#### EXERCISE DATA
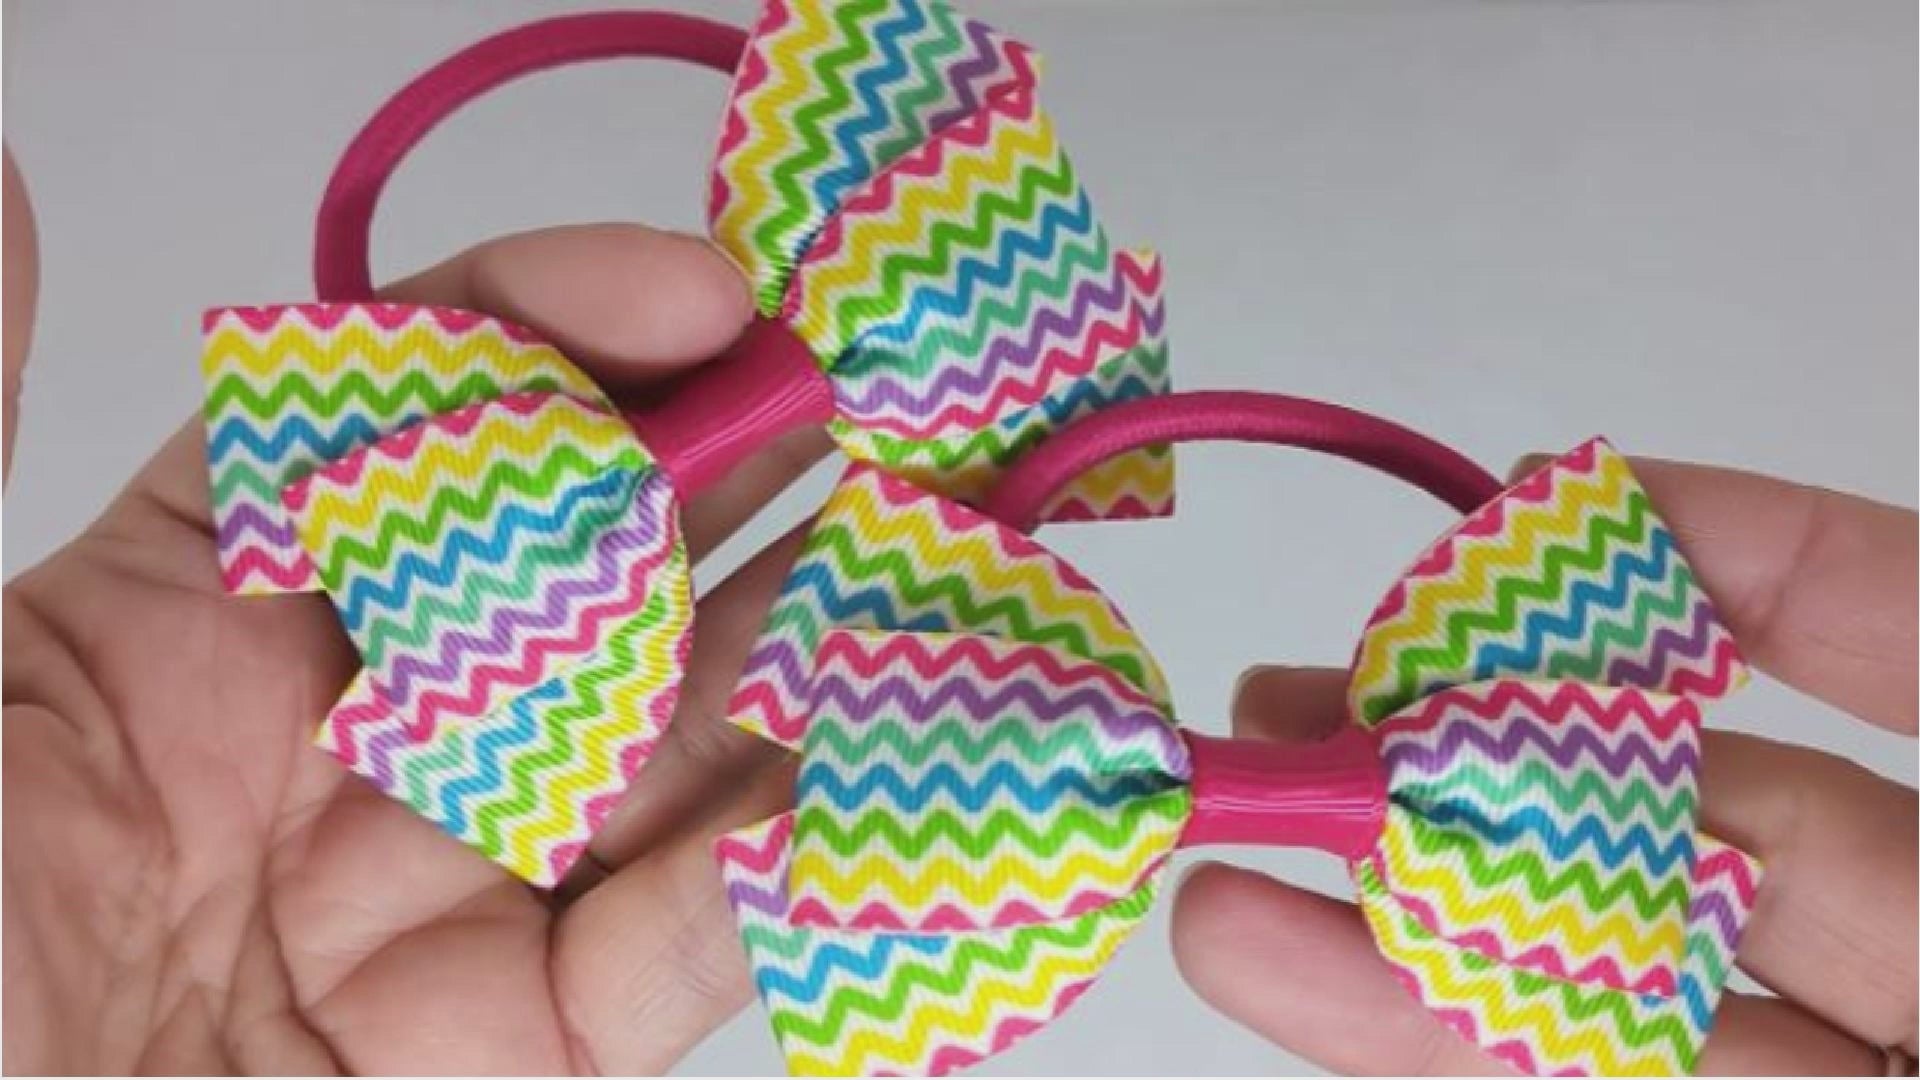 Colourful Chevron Design Hair Bows on Thick Bobbles | Dreambows UK
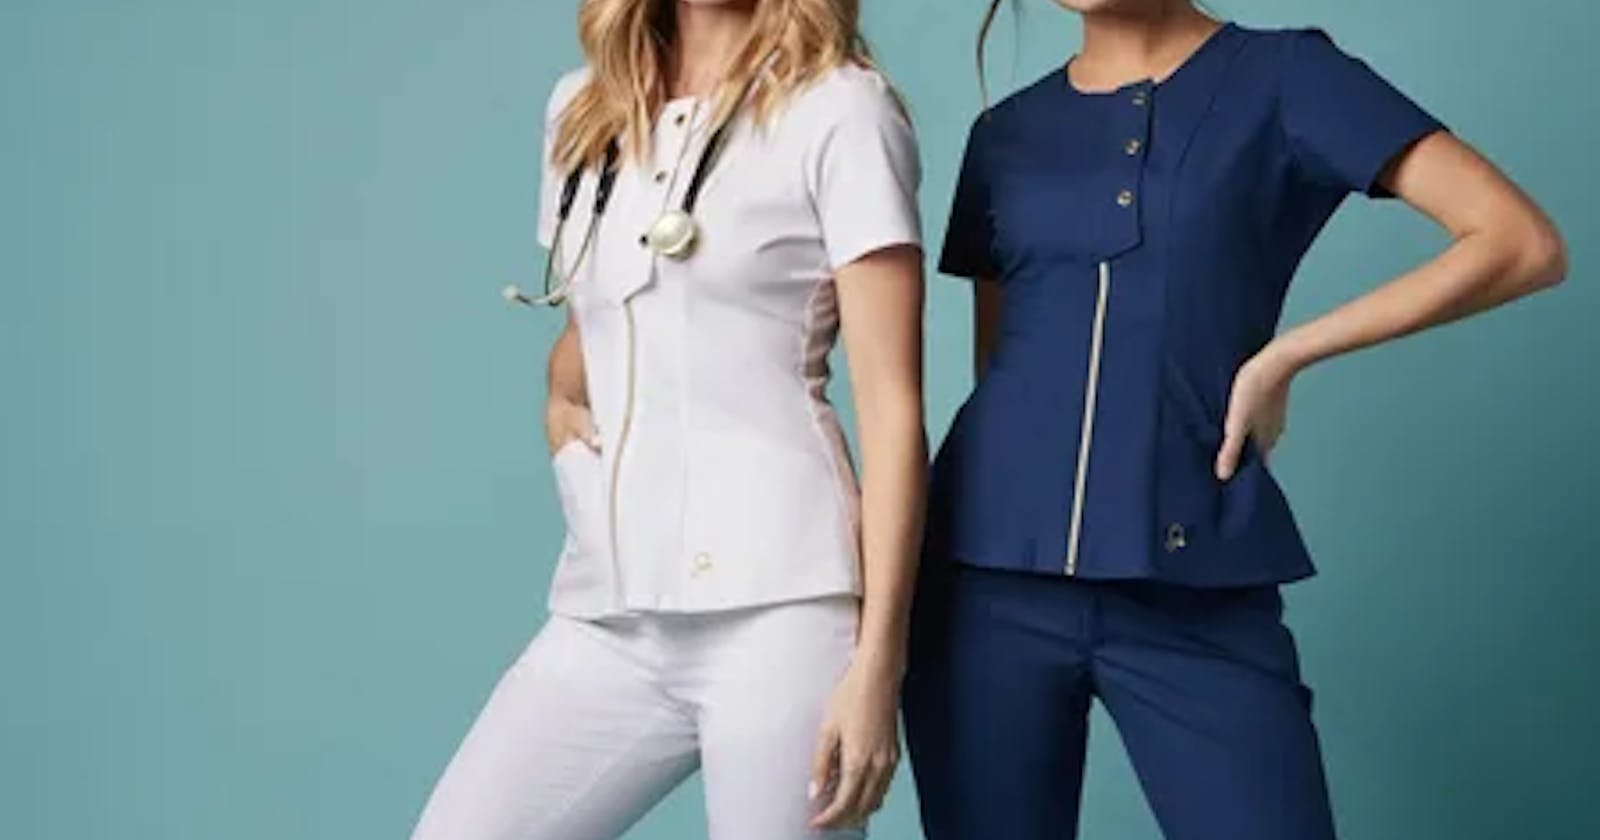 The Ultimate Guide to Nursing Scrubs | Comfort, Style, and Functionality
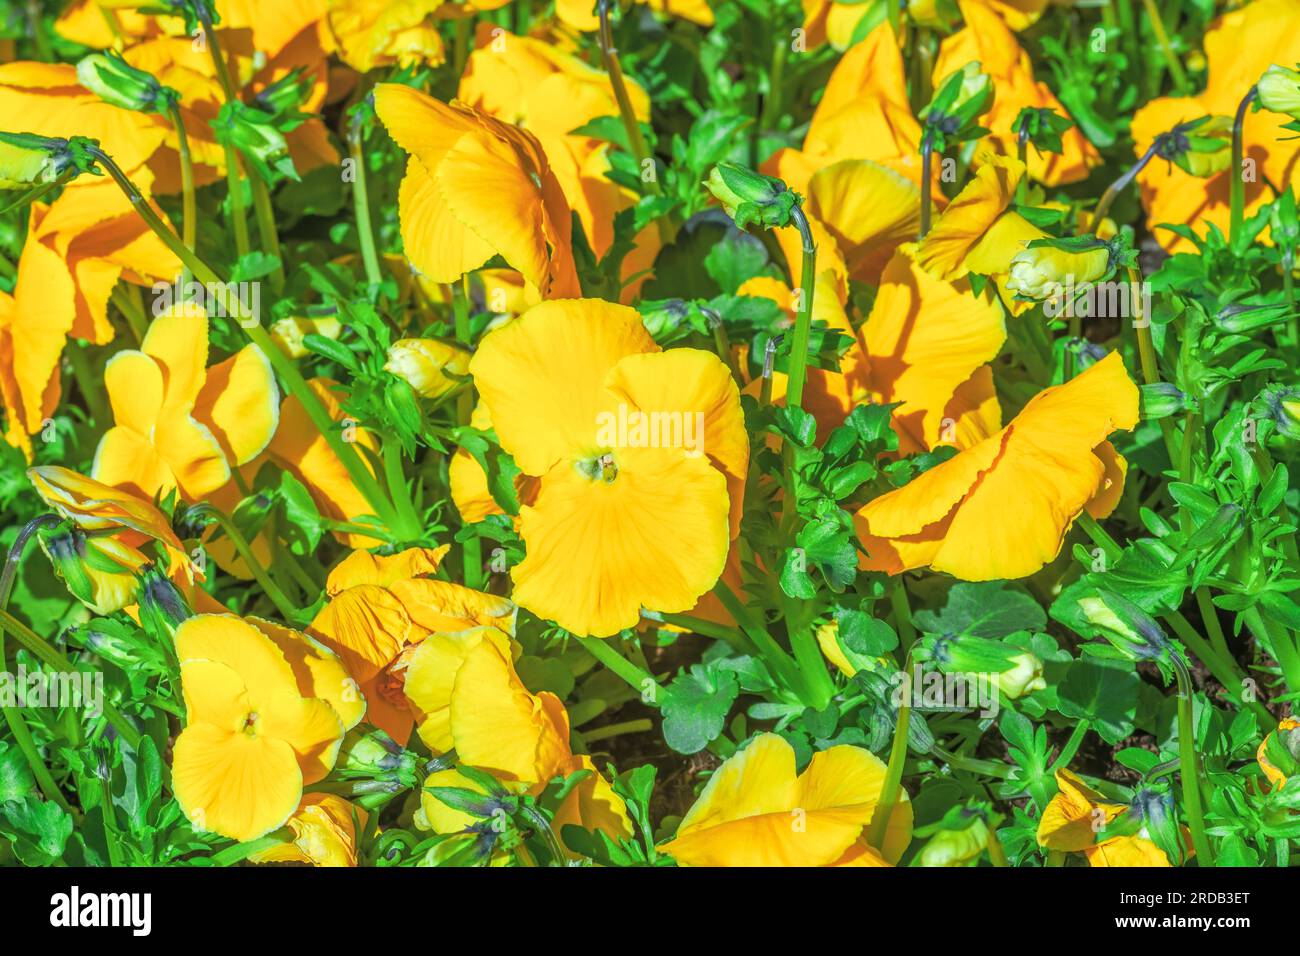 Flower bed with growing yellow pansies. Bright pansy flowers grow in spring ornamental garden. Blooming Viola wirttrockiana plants at sunny light day. Stock Photo
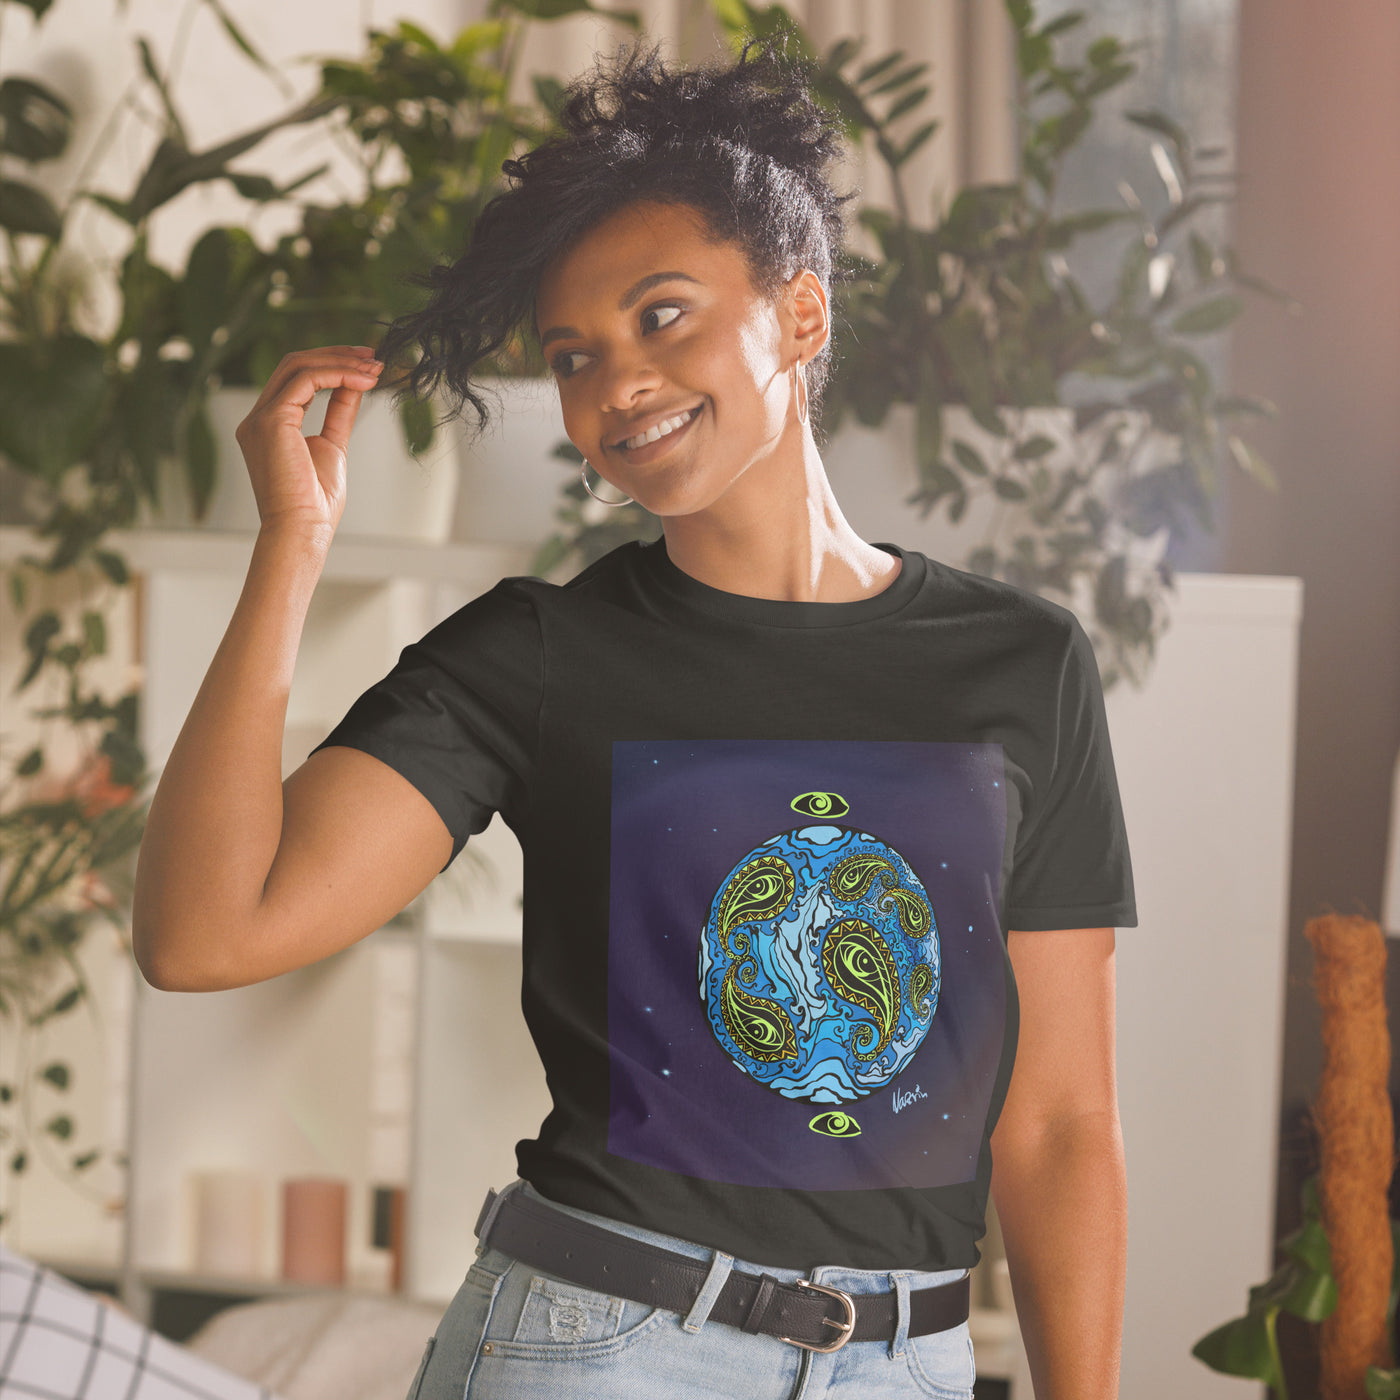 "Planet Earth and Cosmos" Unisex T-Shirt

#### WORK REQUIRED
Restate the material above word for word, omitting the pictures.

#### YOUR SOLUTION
 Colourful Chevron Design Hair Bows on Thick Bobbles | Dreambows UK
 The Ultimate Guide to Nursing Scrubs | Comfort, Style, and Functionality
 Flower bed with growing yellow pansies. Bright pansy flowers grow in spring ornamental garden. Blooming Viola wirttrockiana plants at sunny light day. Stock Photo
 "Planet Earth and Cosmos" Unisex T-Shirt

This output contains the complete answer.